There is some debate over whether Rishi Sunak’s comments earlier this week that people should think about retraining for other careers applied solely to those working the arts and entertainment industries, or whether they were a wider observation on the way the job market was changing as a whole. But they have sparked a fun Twitter sideshow in which people have taken to completing the government’s own careers and skills questionnaire online to see what jobs they should be doing instead. One actor was informed he would be better off training to be … an actor. And a well-known journalist was told she should be … a less well-known journalist on half the salary. My own results were rather more disturbing and eclectic. First it suggested I became a professional sportsman, boxer or football referee. You might have thought the questionnaire would have asked about my age, the condition of my knees and talents first. And I don’t remember filling in a question that said I particularly enjoyed having my head punched. However, it also said that if those careers didn’t appeal I should try my hand at being an office manager, a call centre operative, a leisure centre assistant or a chef. I’m not sure any of these are the sort of careers at which my friends and colleagues would have imagined I excel. Though spaghetti bolognese is my signature dish. To test the accuracy of the questionnaire, I then filled it in again, this time trying to answer as honestly as I could as if I were Boris Johnson. This is what I got back: “Because of your answers, we could not recommend any job categories. You might want to go through the assessment again to check that your responses were correct.” So for once there was clearly nothing wrong with the government’s algorithms.

Friday

Happy birthday to me. Today I am 64 and find myself wondering how the time seems to have passed so quickly. It feels not that long since I was worried about turning 50. My big regret is that I just wish I could have enjoyed it all a bit more, as I have been extremely lucky to have such loving family, friends and colleagues and a job which means so much to me. The older I get, the more I find myself thinking of my own father. He was 77 when he died, at a time when I was still very much a work in progress – I still am, I suppose – and I would have dearly loved him to see the adults his grandchildren have become. I also clearly remember my Dad’s 64th birthday, partly because I couldn’t quite believe how old he seemed, but mainly because it was then that he started planning for his retirement from being a West Country village vicar. He was worried about going stale and had determined that it would be bad for him and bad for his parishioners if he were to continue past his 65th birthday. I have no such thoughts of retirement. In fact, the idea scares me rather, as I can’t really imagine a life without working. Maybe that will change in the coming years and I will start to think of things I want to do when my time is more my own, but I’m not there yet.
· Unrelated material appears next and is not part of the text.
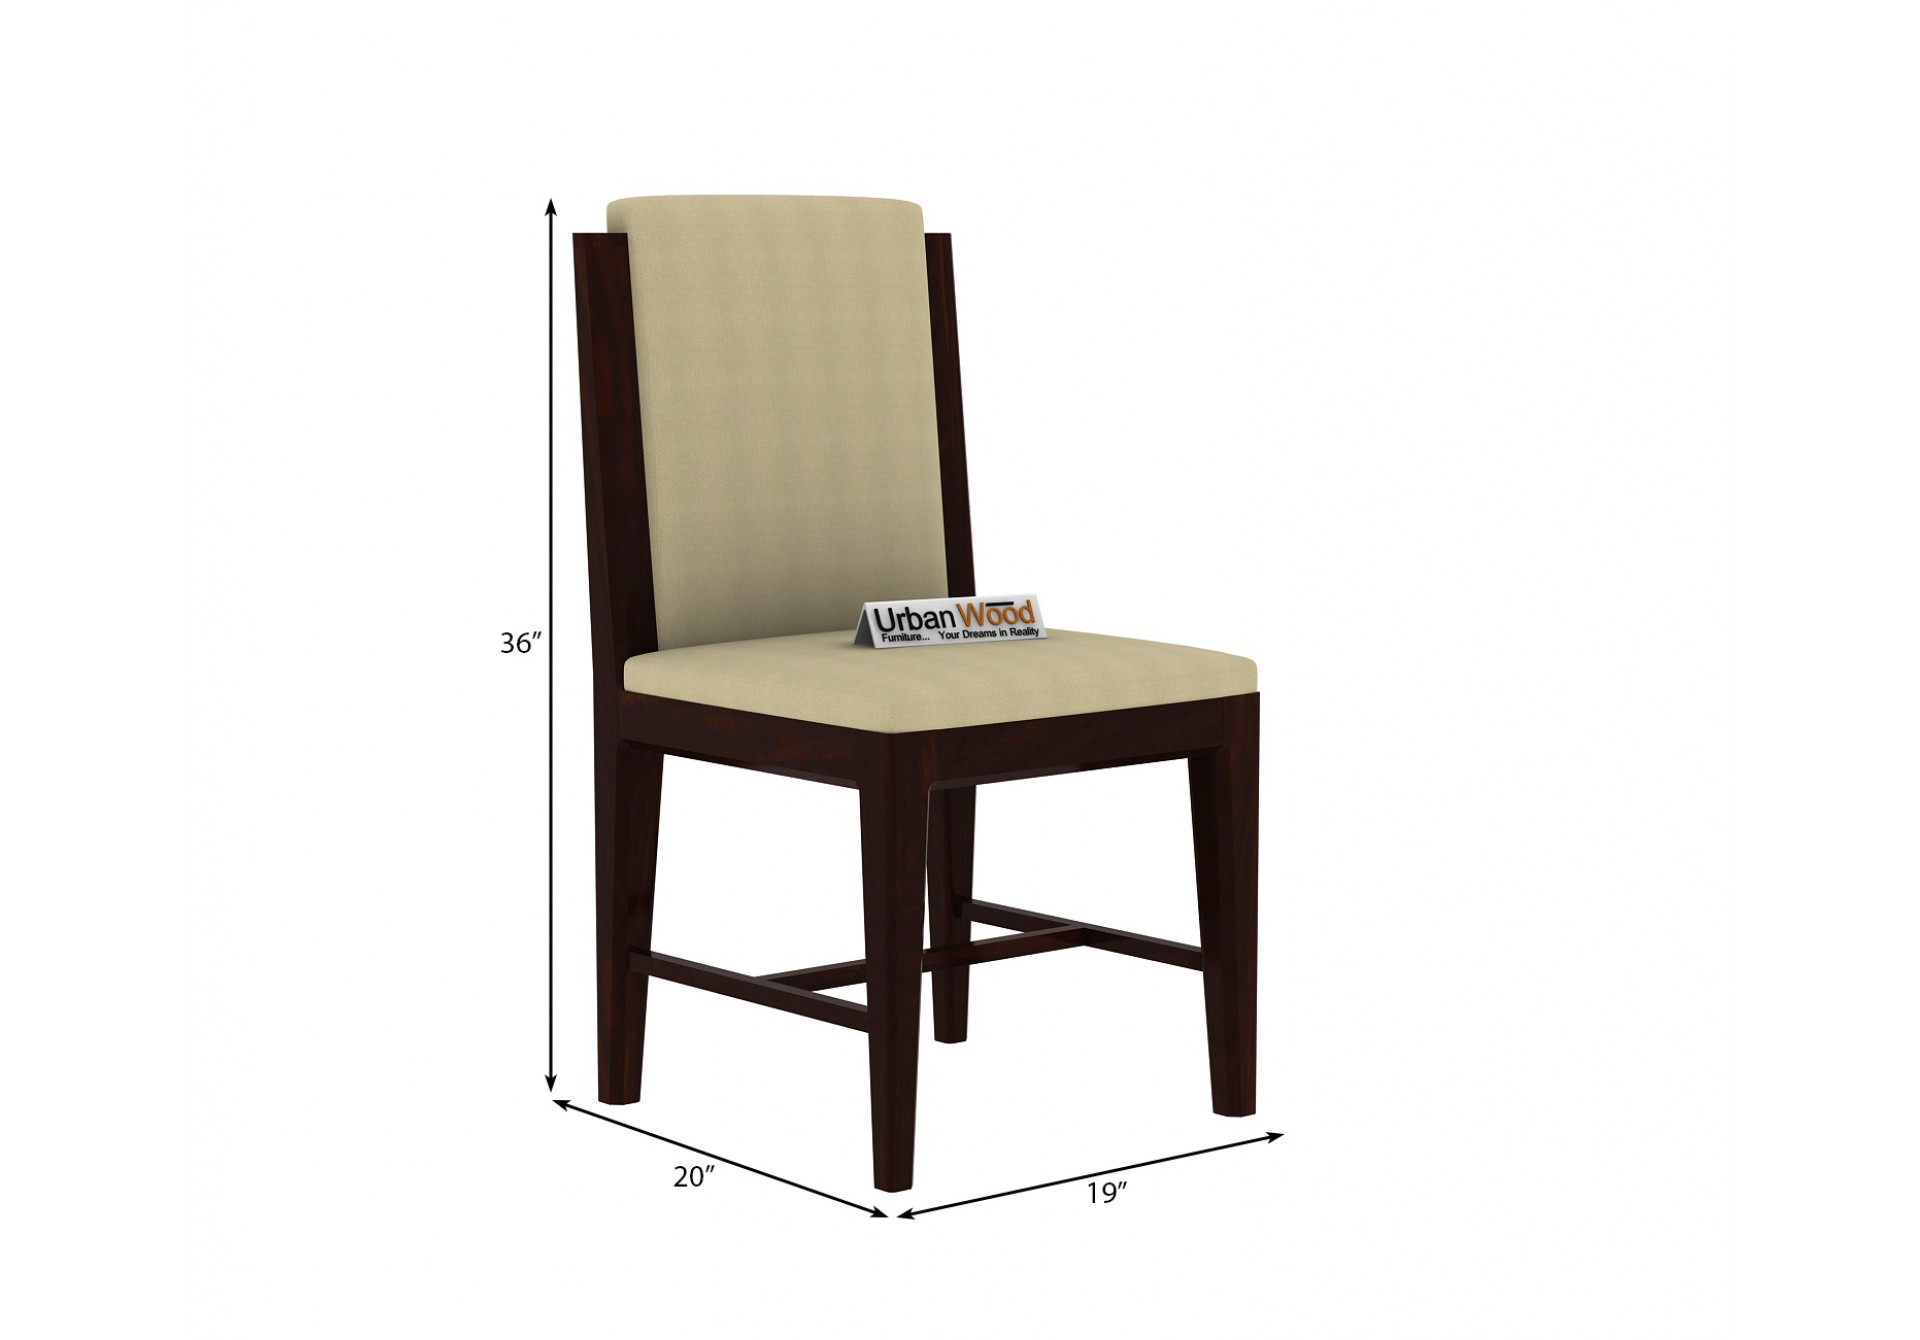 Deck Dining chair 
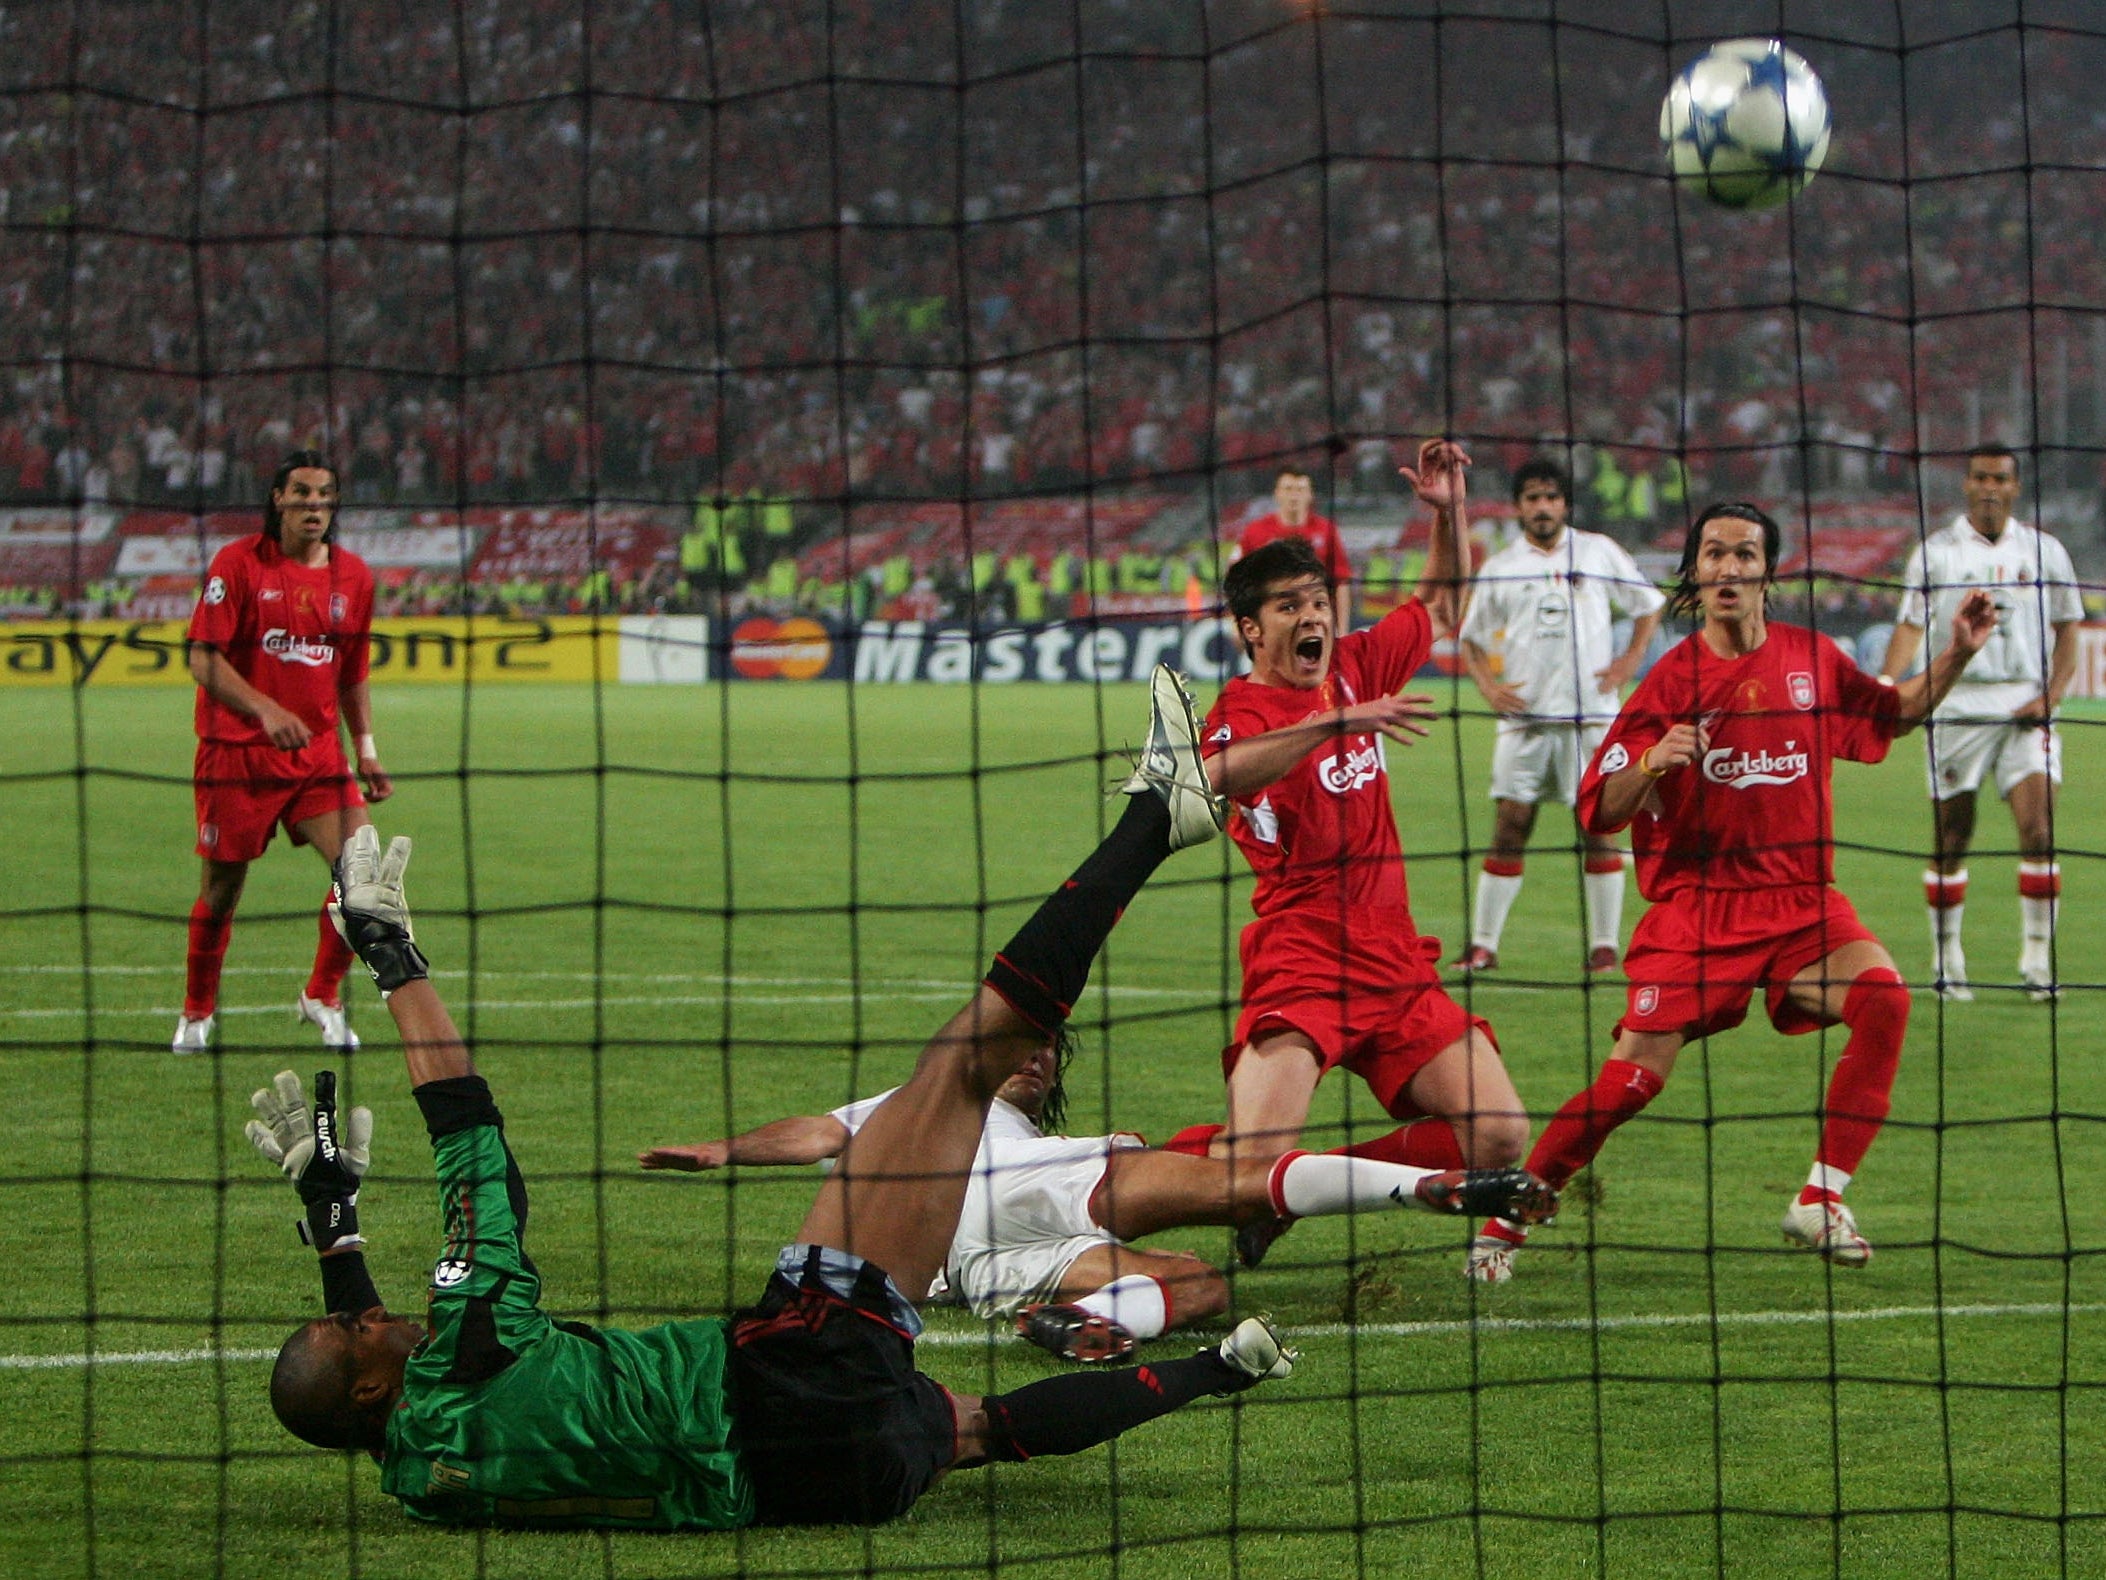 Alonso played a key part in the Miracle of Istanbul

But then, I have this constant, nagging feeling that I wasted too much time early on in my life and that I need to atone and make up. That I somehow lived my life the wrong way round. When my Dad was 24, he had survived – just – the experience of having spent the previous six years serving in the Royal Navy during the war. At the same age I was four years into what would turn out to be a 10-year heroin habit. Even after I stopped taking drugs, it took many years for me to learn who I really was and what really mattered to me. Which is a roundabout way of saying that he deserved his retirement at 65 and I am still years behind the father whom I love and miss.